Appeal win paves way for Harrison Park to flourish
Thursday, August 16, 2012
The way is now clear for Bovis Homes to complete the construction of Harrison Park - Droitwich's newest and freshest community - following a successful planning appeal.
Harrison Park, named after local World War I hero Ted Harrison, has already been taking shape with a quality new five-bed show home now finished and furnished and homebuyers already snapping up properties there.
And work has now begun on the remaining 64 homes of the development after a planning inspector granted permission for the next phase of new properties to be built.
Keith Carnegie, Bovis Homes Central Region Divisional Chairman, said: "We're delighted with the inspector's decision and we're ready to crack on with creating this quality new community at Harrison Park.

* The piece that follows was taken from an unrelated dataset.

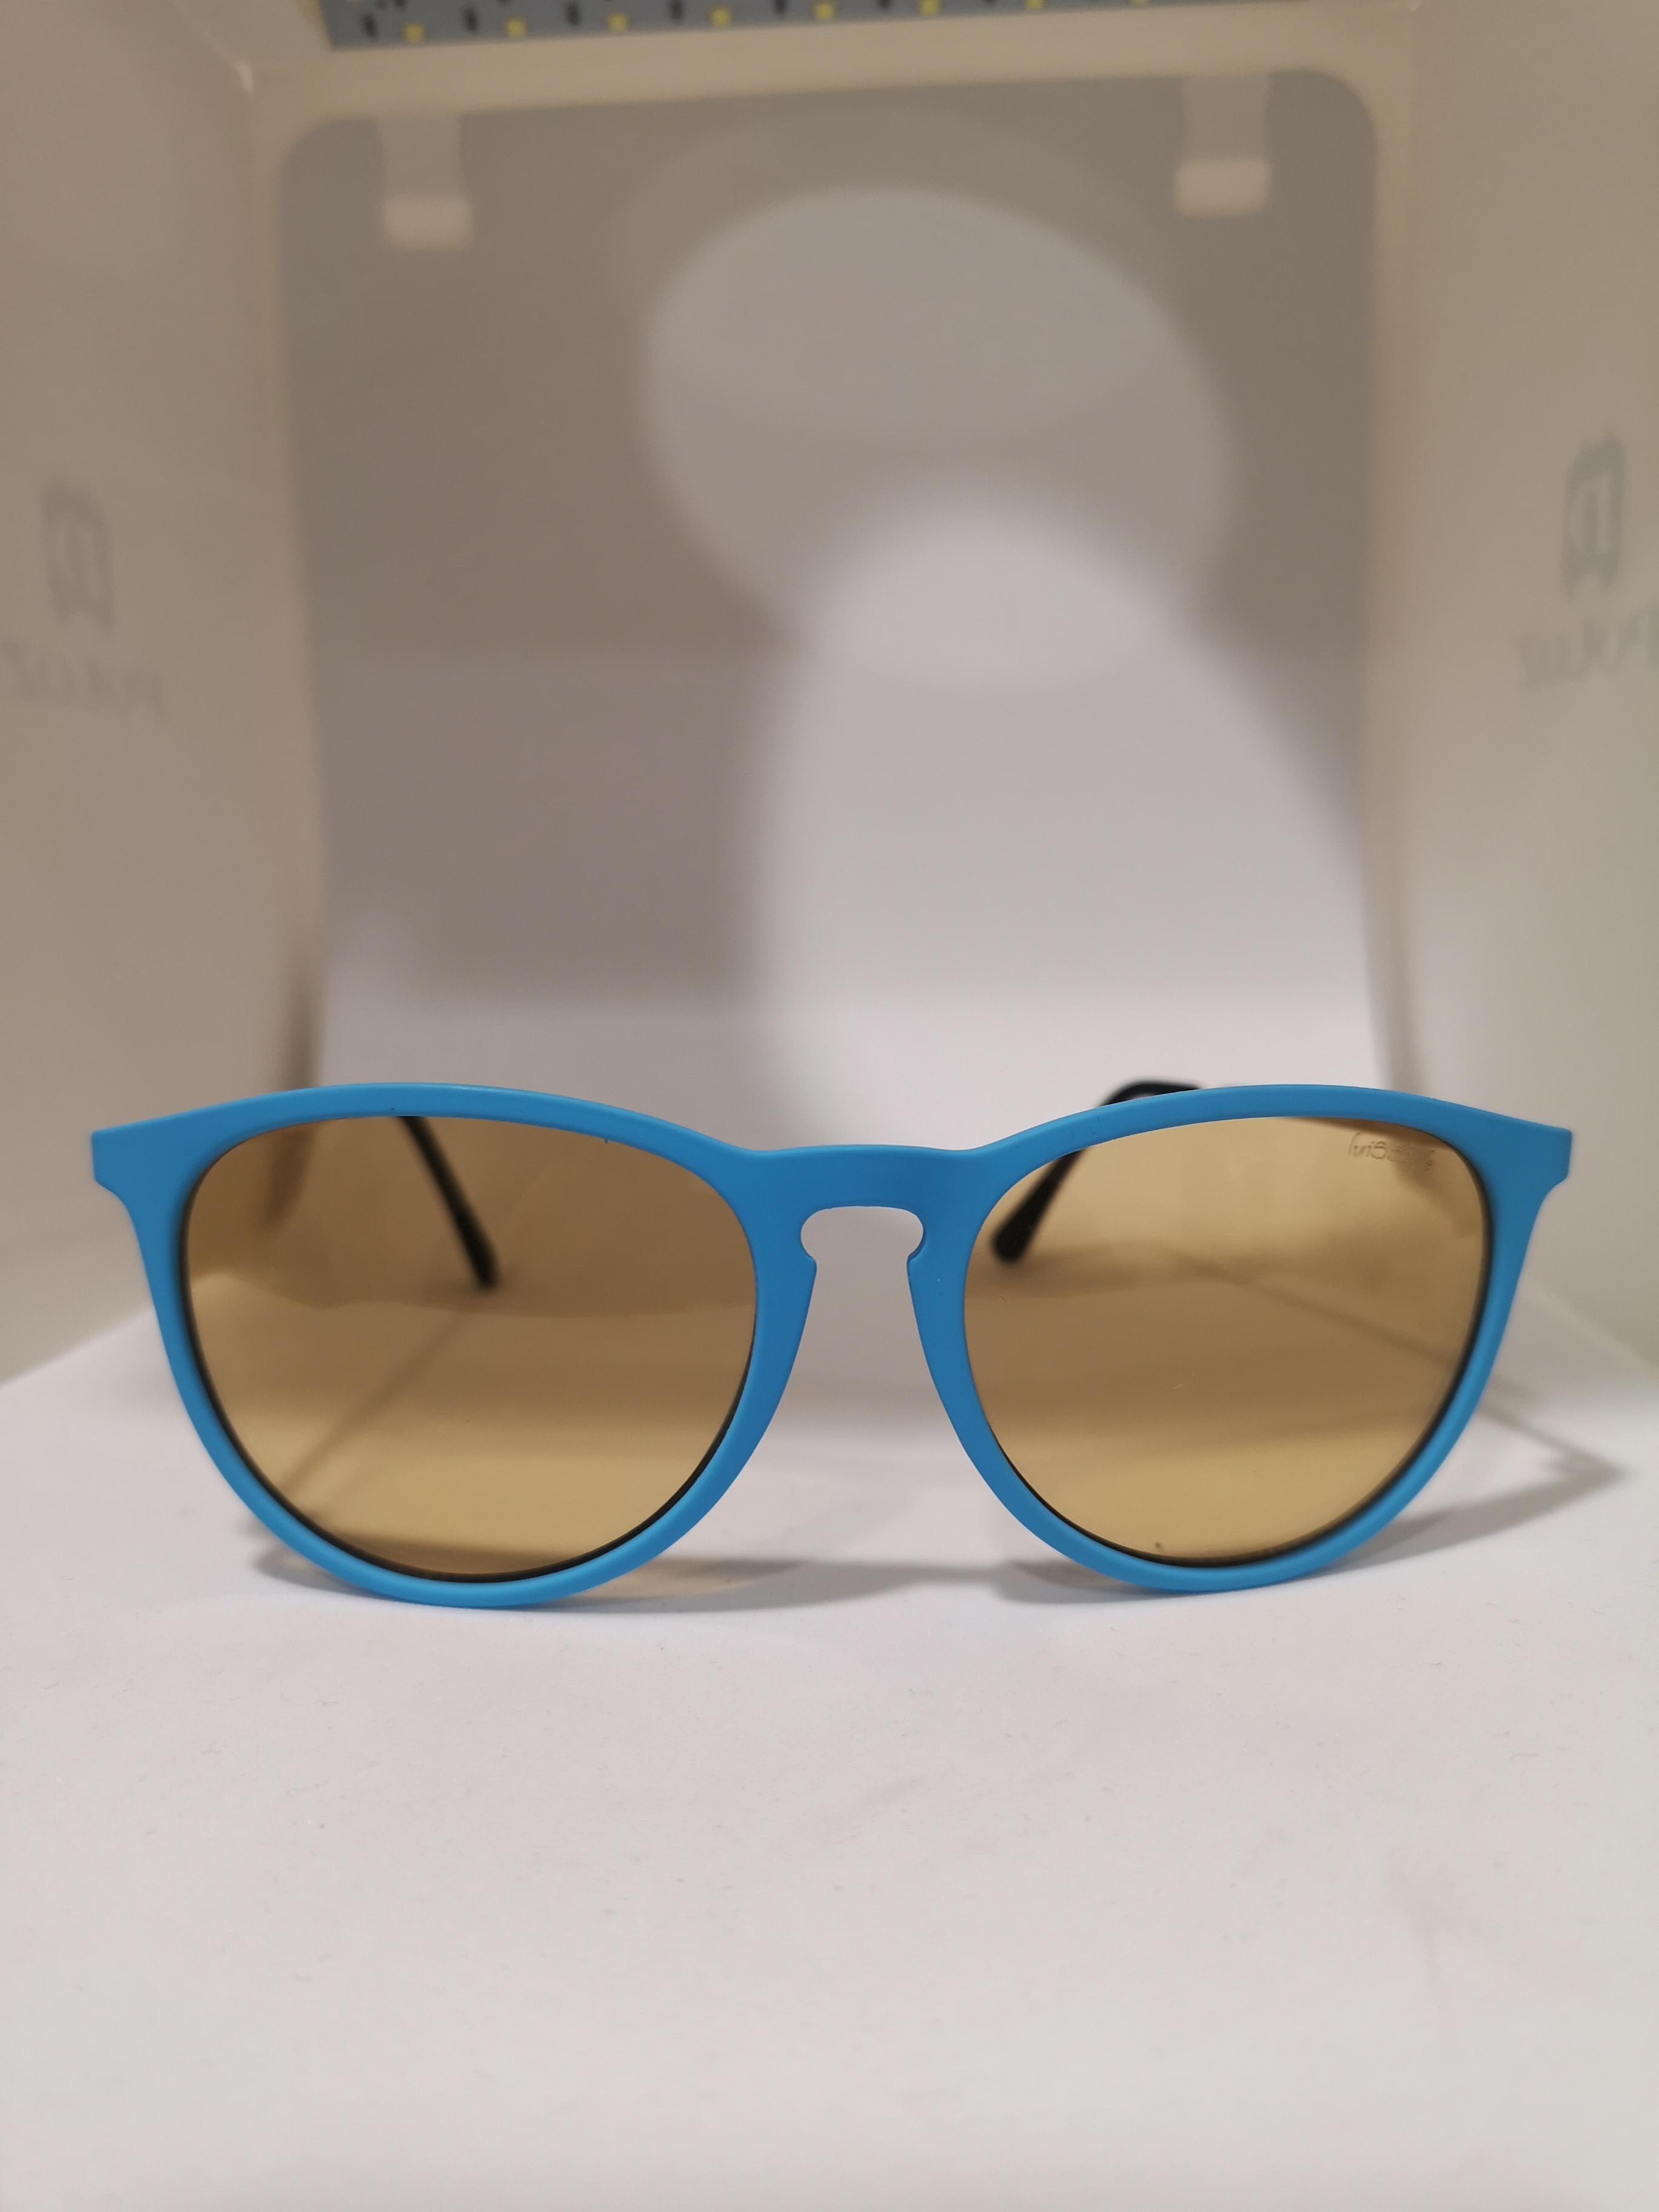 Luisstyle blue light orange lens sunglasses NWOT 1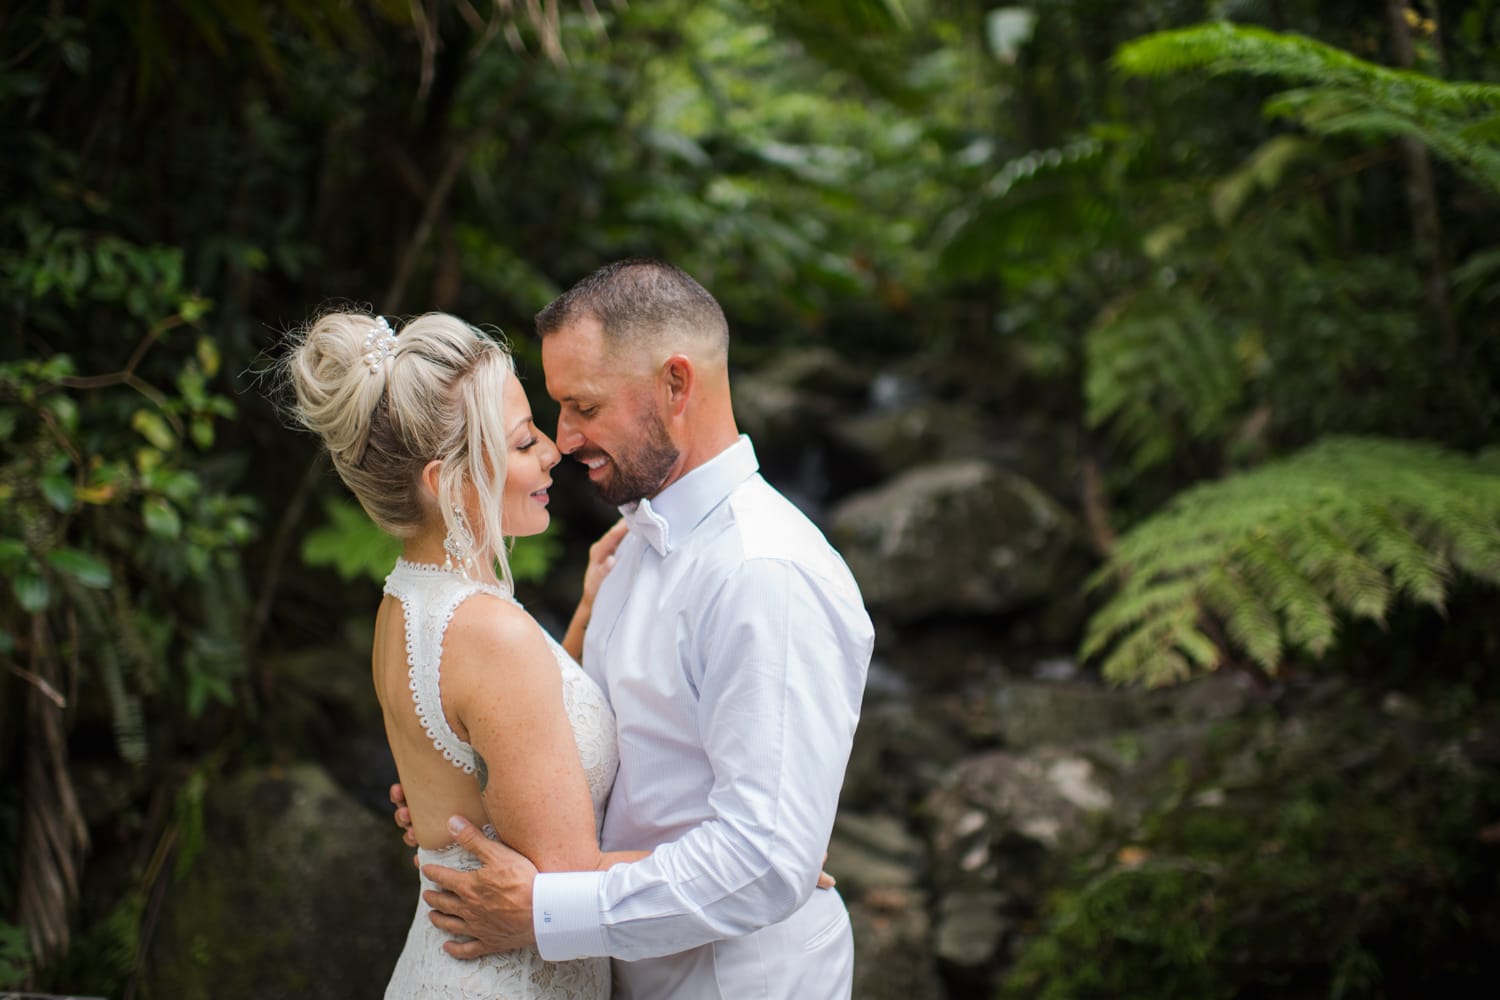 yunque-rainforest-puerto-rico-elopement-wedding-portraits-011.jpg

"The level of interest we have already had has shown that this is a great location and that local people have been impressed with the quality of the homes we are building in Droitwich.
"We will continue to work with the local community as the work progresses and if anyone has any questions or comments they can post them at our dedicated Droitwich website and we will get back to them."
The website can be found at www.bovishomes.co.uk/droitwich, which has been in place since the homebuilder began consulting with local residents last year.
"We've already had more than 400 visitors to Harrison Park and taken our first reservations," said Keith. "It's been one of our most successful launches in the Midlands and in particular there has been a lot of interest in this latest phase which now has planning permission.
"The building of the homes is also great news for the local economy, helping to create jobs both directly and across the supply chain and the interest shown is a real sign that things are picking up in the industry and the market."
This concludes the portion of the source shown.